Apa saja yang berhak mendapatkan predikat sakral? Apakah ia merujuk pada entitas fisik? Atau metafisik? Mengatakan gamelanmengalami desakralisasi – jika mengikuti pendapat Gigih – berarti memahami gamelansebagai entitas fisik. Dengan demikian apakah musik dapat menjadi sakral dan tidak sakral? Bukankah persepsi yang sakral dan tidak sakral terbentuk berdasarkan konteks? Saya kira konteks dikonstruksi oleh kesadaran. Kesadaran, seperti halnya selera, tidak lepas dari konstruksi sosial, yaitu dibentuk dan diarahkan oleh pandangan masyarakat. Dengan menghadapkan orang Bali pada situasi baru karena harus menafsirkan budaya mereka di hadapan publik asing, kedatangan para wisatawan akan memaksa mereka untuk menarik garis batas antara apa yang menjadi milik agama dan apa yang berasal dari seni.

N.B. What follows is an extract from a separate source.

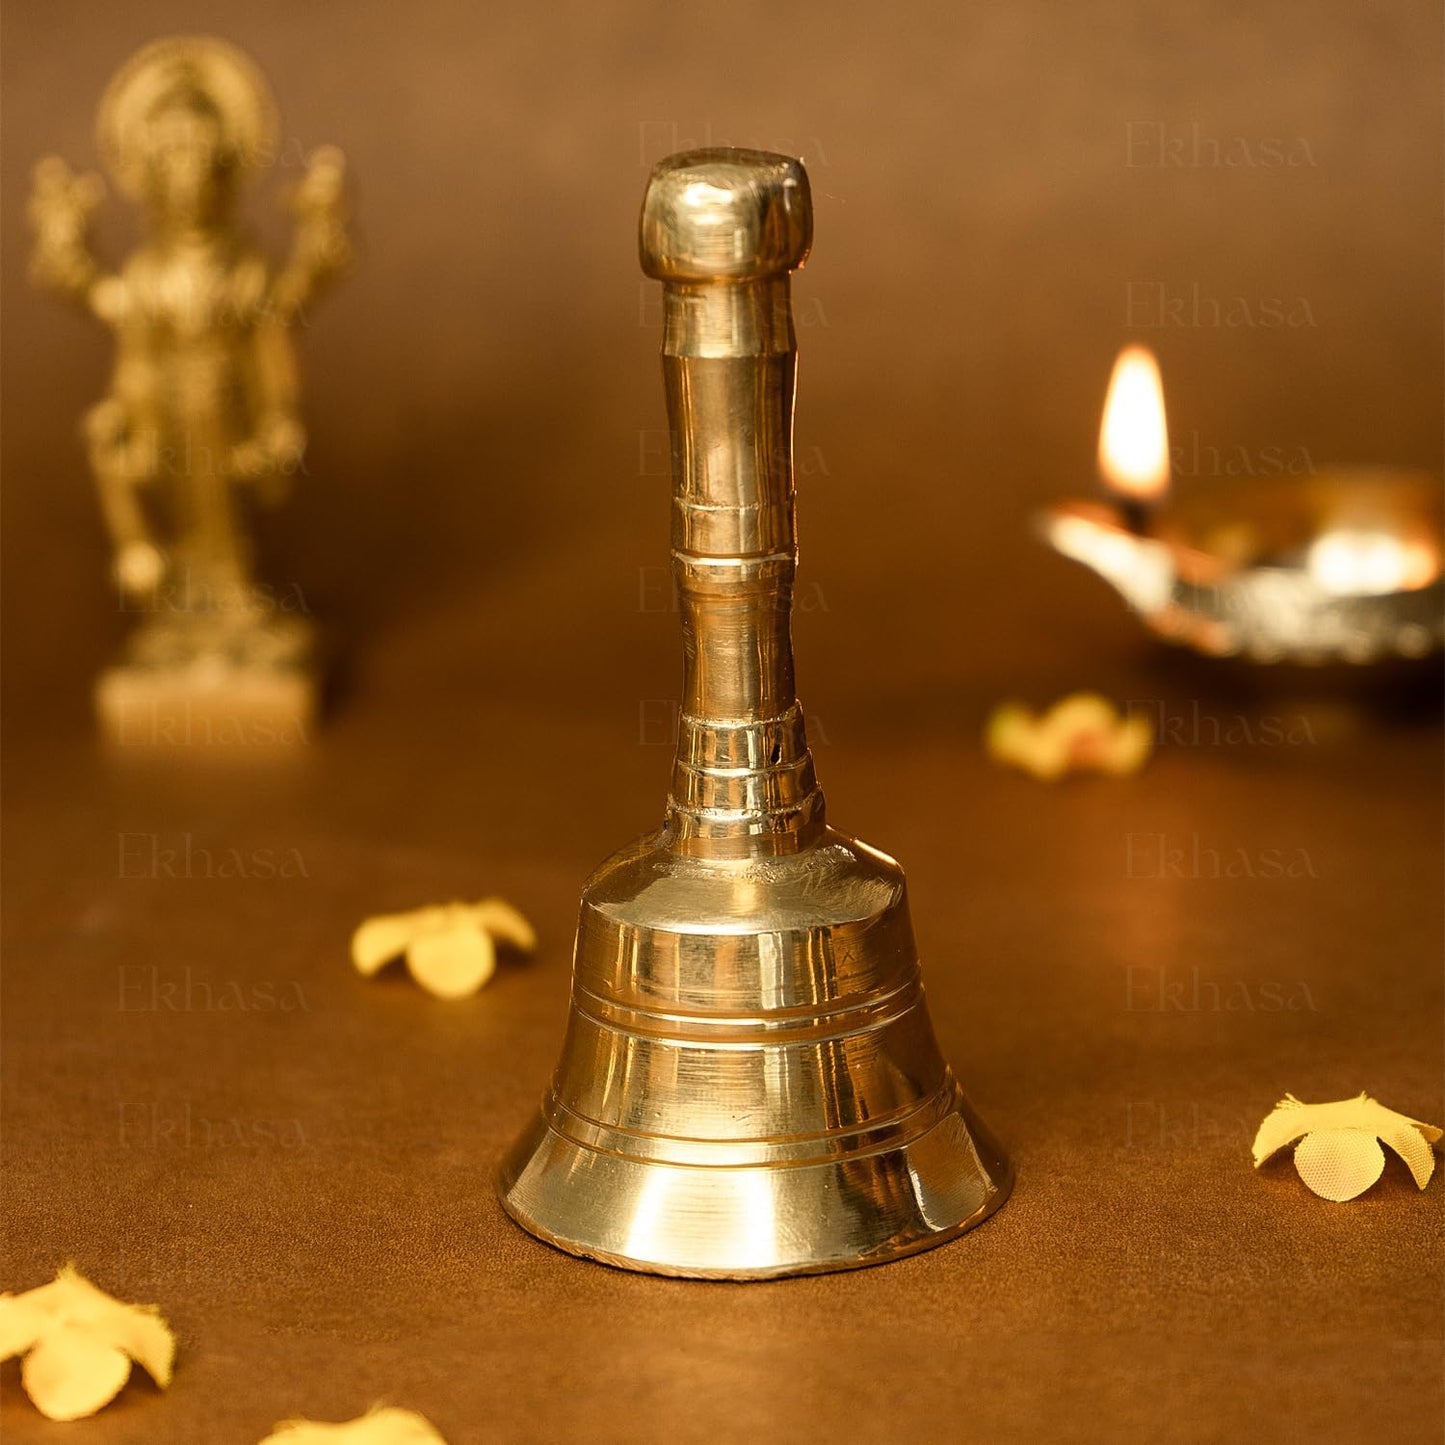 Ekhasa 100% Pure Brass Gol Ghanti for Pooja | Handcrafted Pooja Bell for Mandir | Pooja Ghanti for Home | Mandir Ghanti for Pooja | Ganti for Pooja | Puja Ghanti for Home (Size 4 inch)

Bagaimanapun, kita telah mewarisi bahwa musik adalah istilah luar yang dipinjam untuk menunjukkan suatu substansi. Meskipun maknanya telah bergeser secara semantik, gamelan dengan berbagai latar belakang kebudayaan adalah musik itu sendiri. [T]
[1] Sependek ingatan, saya membaca ini dari buku Suka Hardjana. Hingga tulisan ini rampung saya benar-benar mengalami kesulitan dalam mengingat kepada siapa saya telah meminjamkan buku ini. Oleh karena itu, apabila terdapat kekeliruan, mohon diluruskan.